- Exercise objective:
Print all of the data exactly, but drop the pictures.

- Data segment:
______________________________
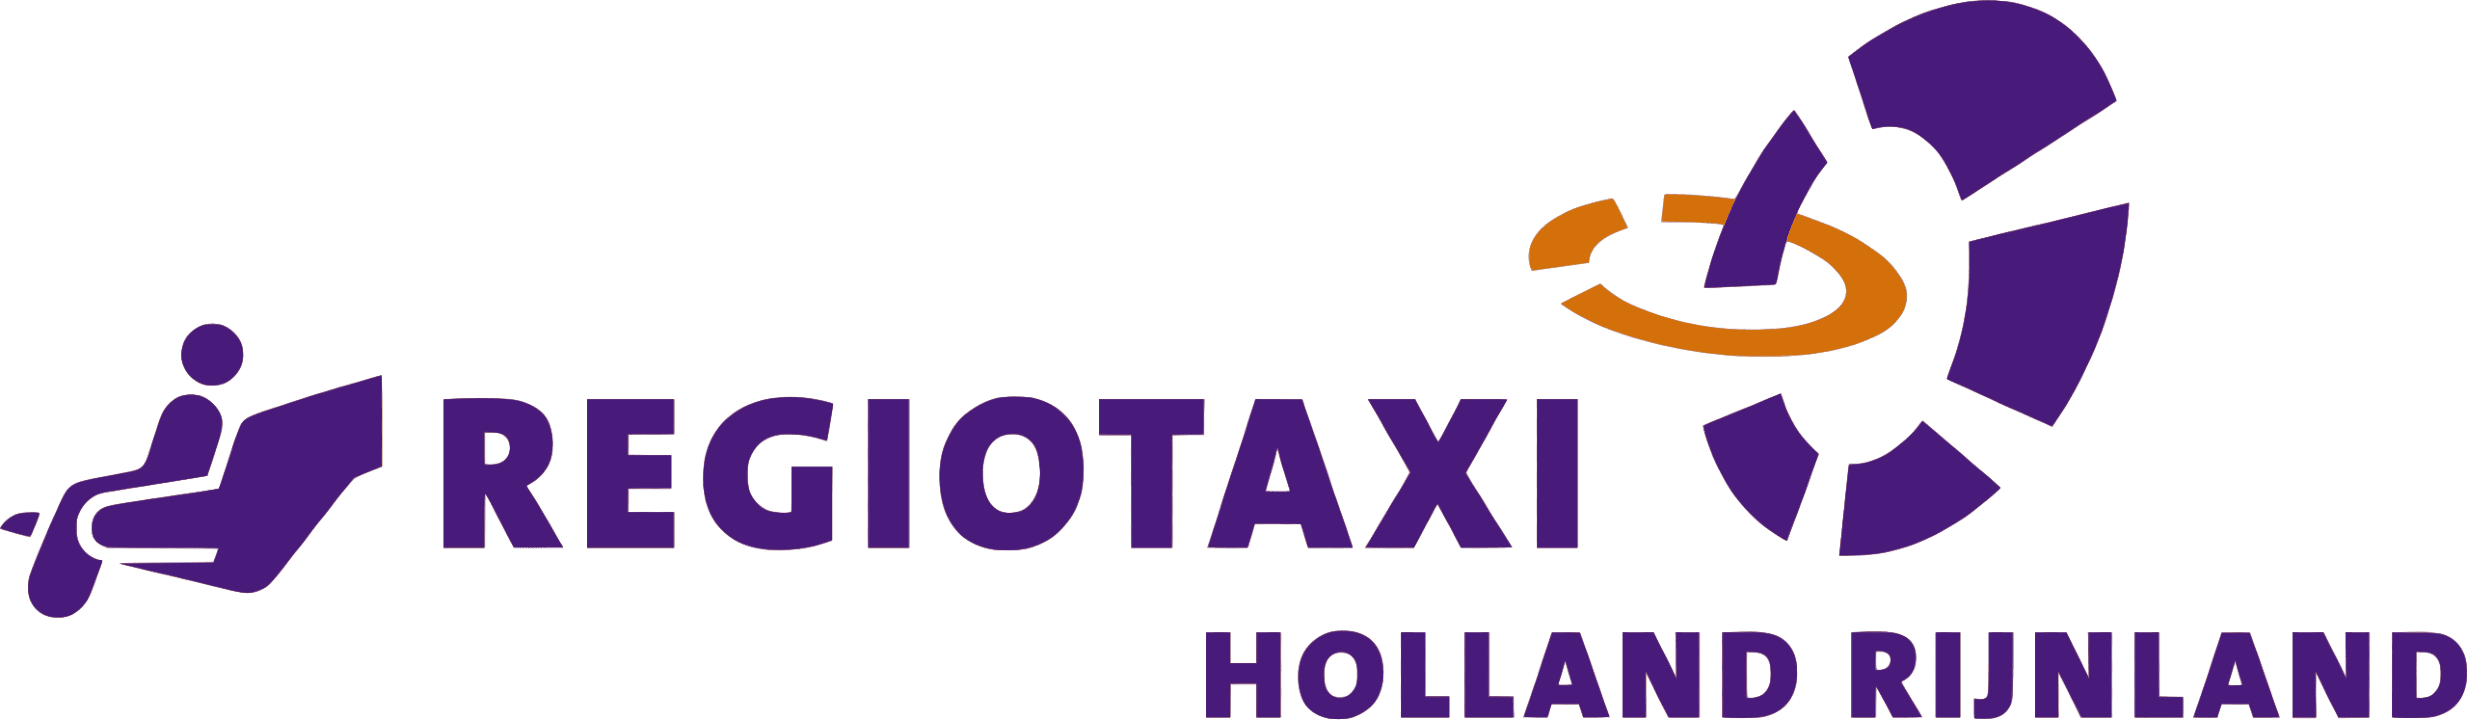 Logo Regiotaxi
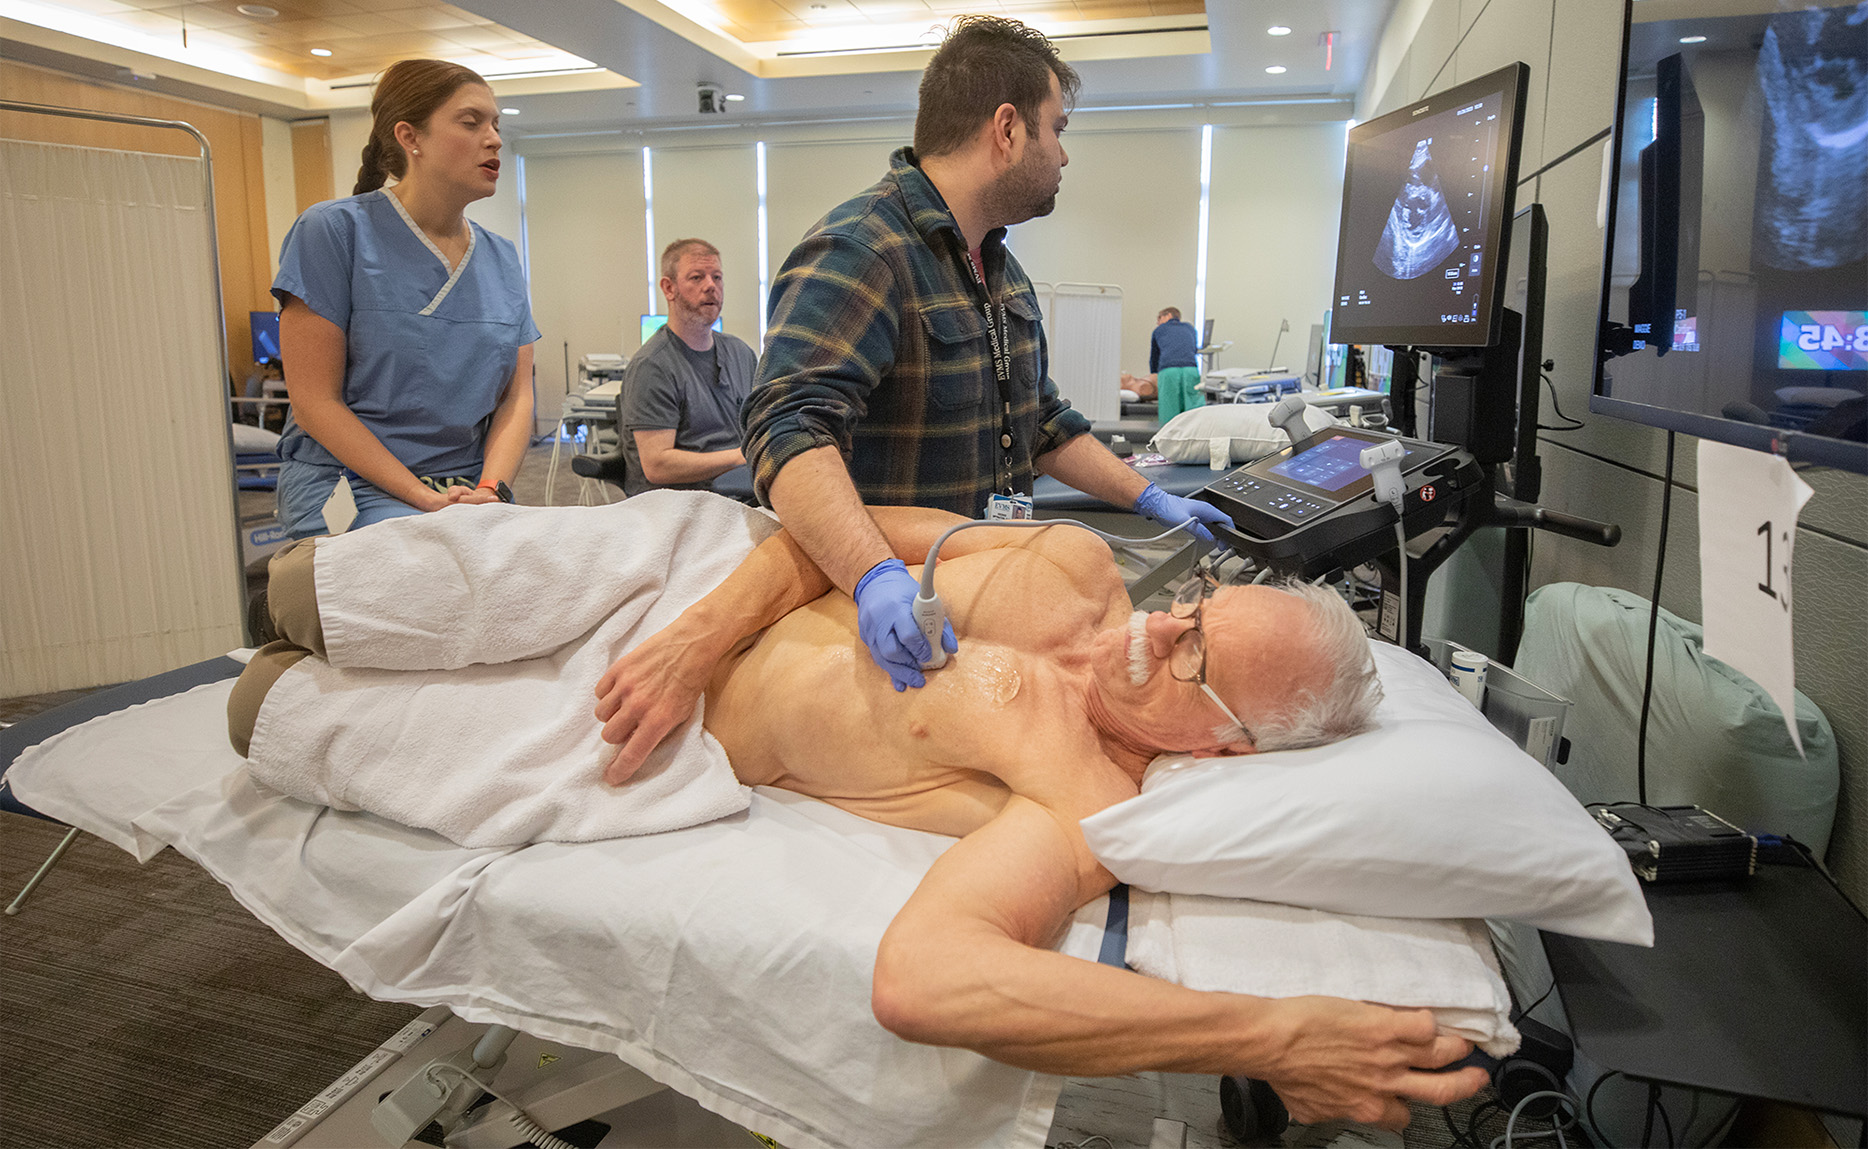 Patient on his side receiving ultrasound procedure
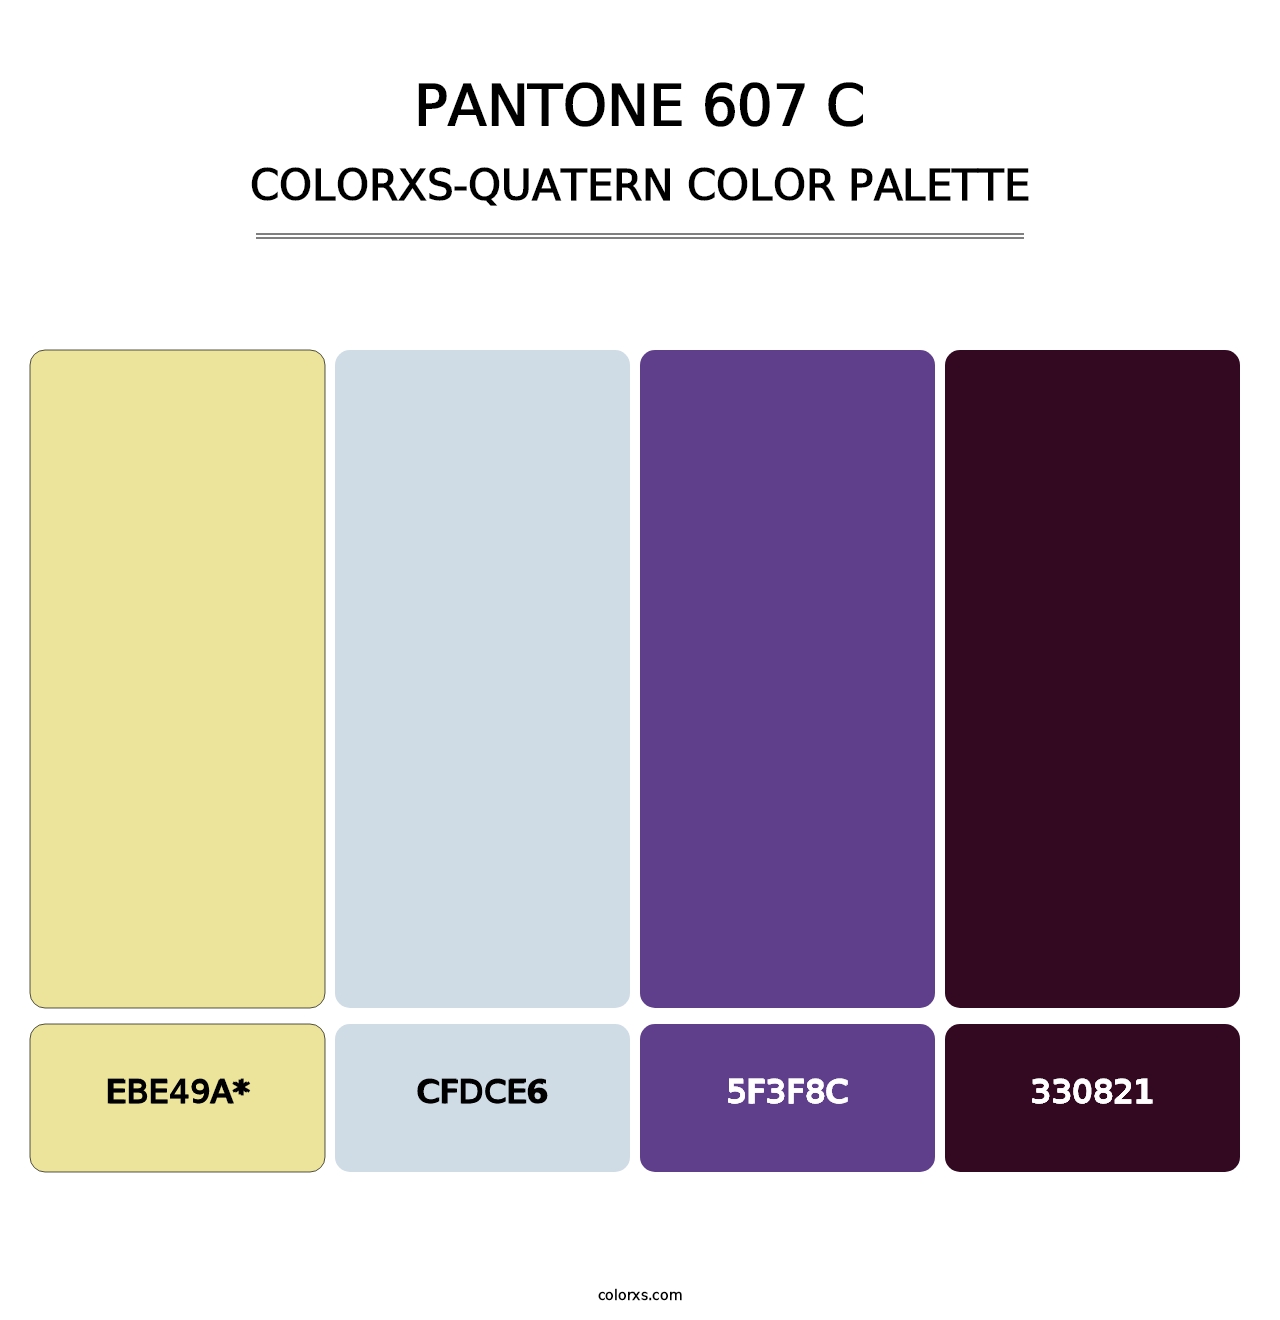 PANTONE 607 C - Colorxs Quad Palette
______________________________
- Answer box:
 Logo Regiotaxi
 Patient on his side receiving ultrasound procedure
 PANTONE 607 C - Colorxs Quad Palette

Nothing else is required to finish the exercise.